10 min readSep 4, 2020

Everything was small data before we had big data.

Small data refers to data that humans can observe and process personally. Information about any individual in a crowd is small data. The same information, collected for all of the people in a crowd is big data.

Everything was small data before we had big data. The scientific discoveries of the 19th and 20th centuries were all made using small data. Darwin used small data. Physicists made all calculations by hand, thus exclusively using small data. And yet, they discovered the most beautiful and most fundamental laws of nature. Moreover, they compressed them into simple rules in the form of elegant equations. Einstein championed this with E=mc² . Although it’s estimated that perhaps 65% of the hundred biggest innovations of our time are really based on small data, current AI developments seem to focus mostly on big data, forgetting the value of observing small samples.

This is not another article comparing small data to big data. This article is about the role of small data in the future of AI. Efforts have already begun in this direction. Although the current mantra of deep learning says “you need big data for AI”, more often than not, AI becomes even more intelligent and powerful if it has the capability to be trained with small data. Some AI solutions that rely only on small data outperform those working with big data.
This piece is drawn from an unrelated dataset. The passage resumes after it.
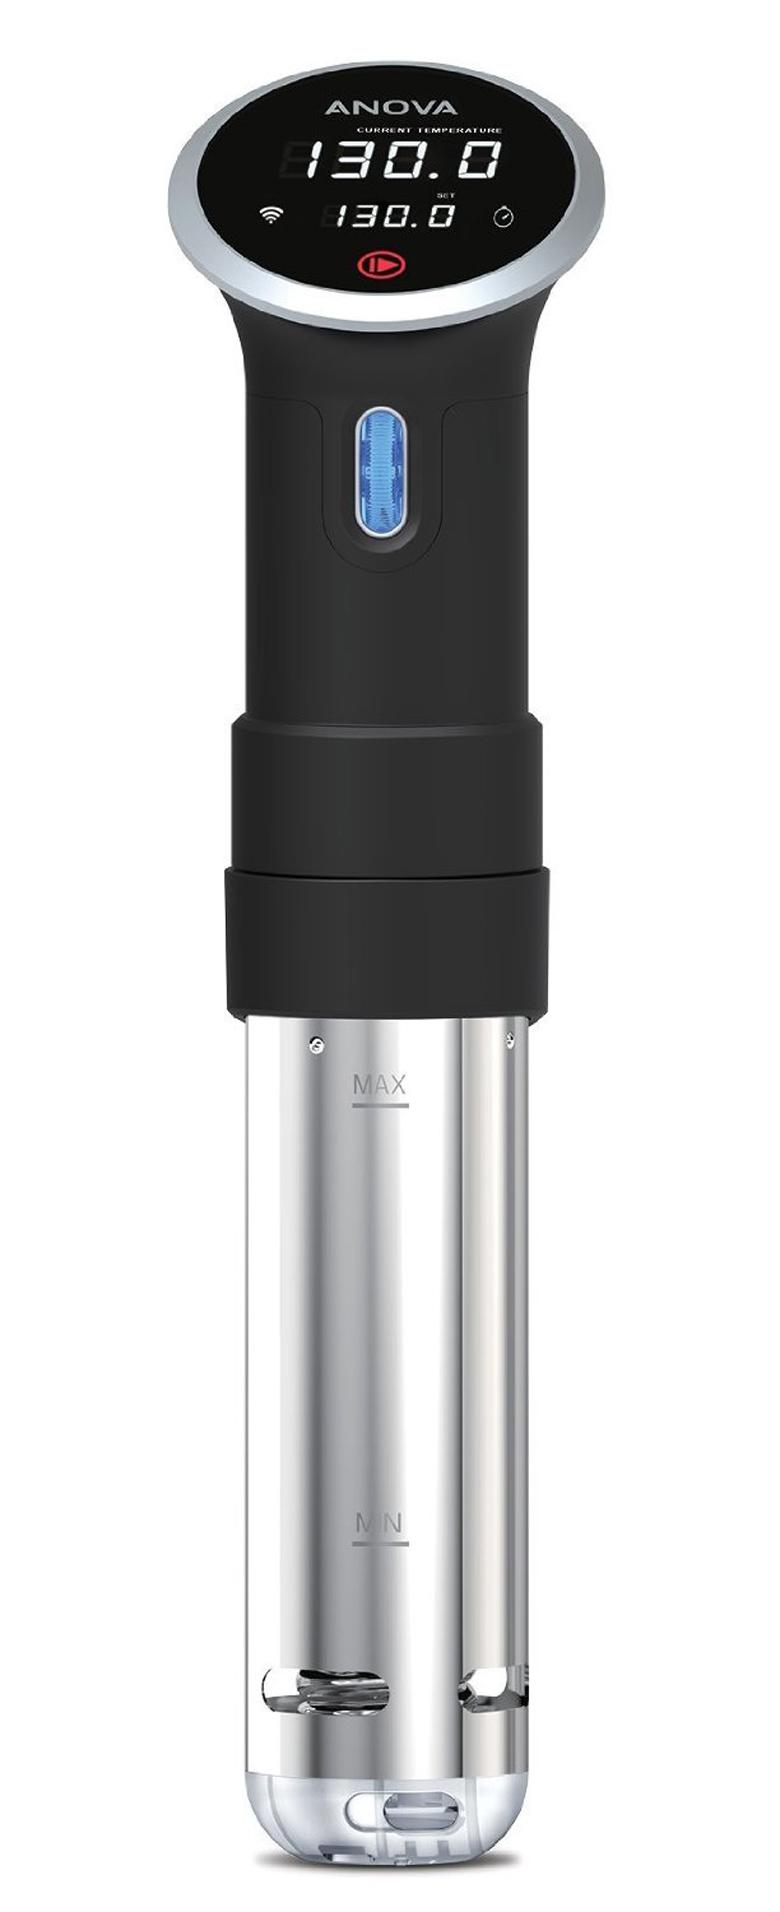 Anova PCW-120US-K1 Wifi Precision Cooker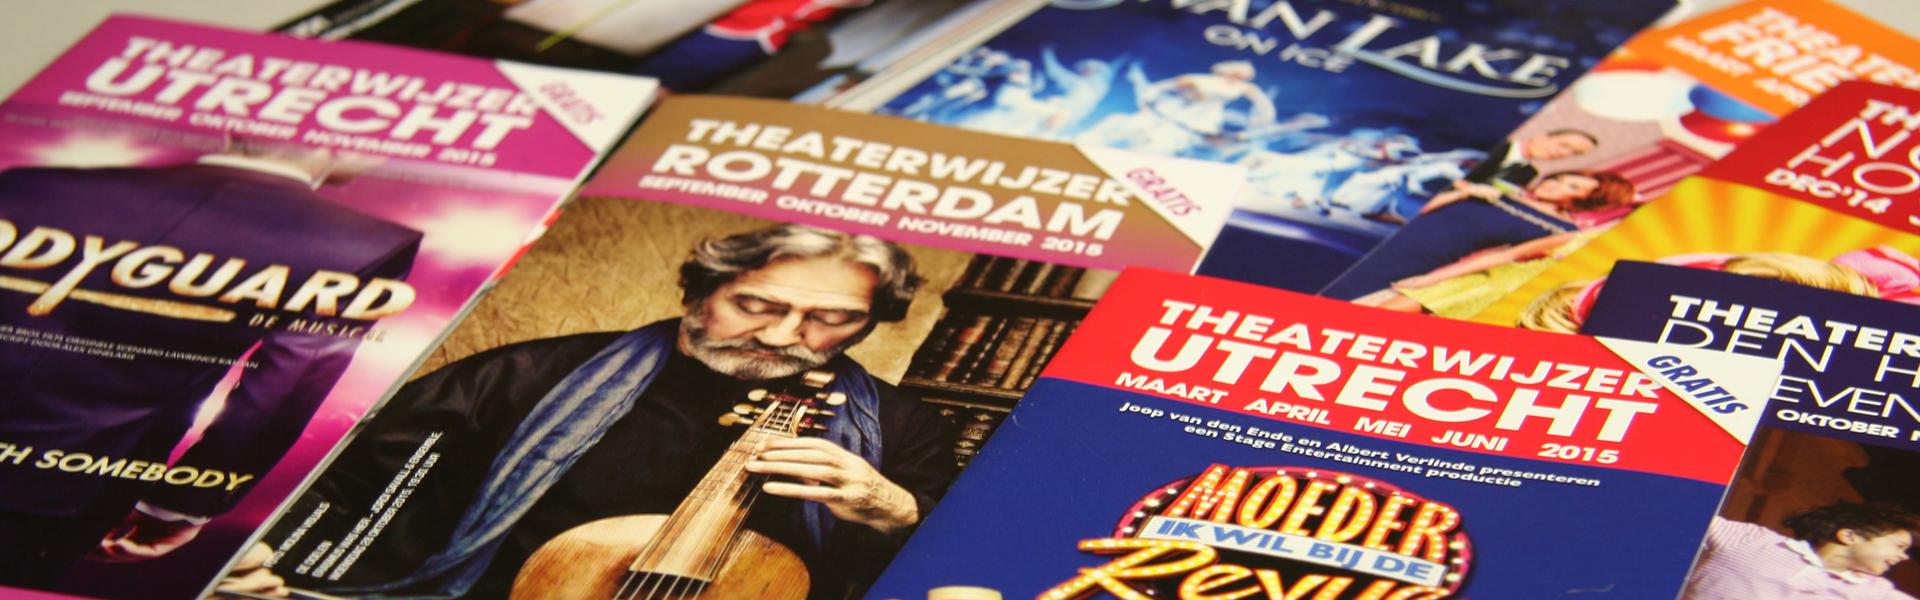 Theaterwijzers.nl slide2

Some other AI solutions use big data to learn how to take advantage of small data.

Small data turns big data into a tool, and takes over the main role of defining the specifics of an AI system.

Although it appears that everyone wants to use deep learning in referenced frameworks, in some cases we don’t really need deep learning to create top performing AI. And, although there’s a tendency to train AI using as much data as possible, and mixing real data with synthetic data, in many cases problems can’t be solved with big data alone. Some important conclusions can only be drawn from small data. For example, we can gain precise insight into personality, habits and motivations of an individual only with small data. Small data can be packed with meaning derived from that individual’s unique personal data. AI must be capable of extracting this meaning. Massive datasets obscure this meaning and machine learning methods typically applied to those datasets simply average out this information. A big challenge ahead of us is creating AI approaches that are capable of finding value in small data.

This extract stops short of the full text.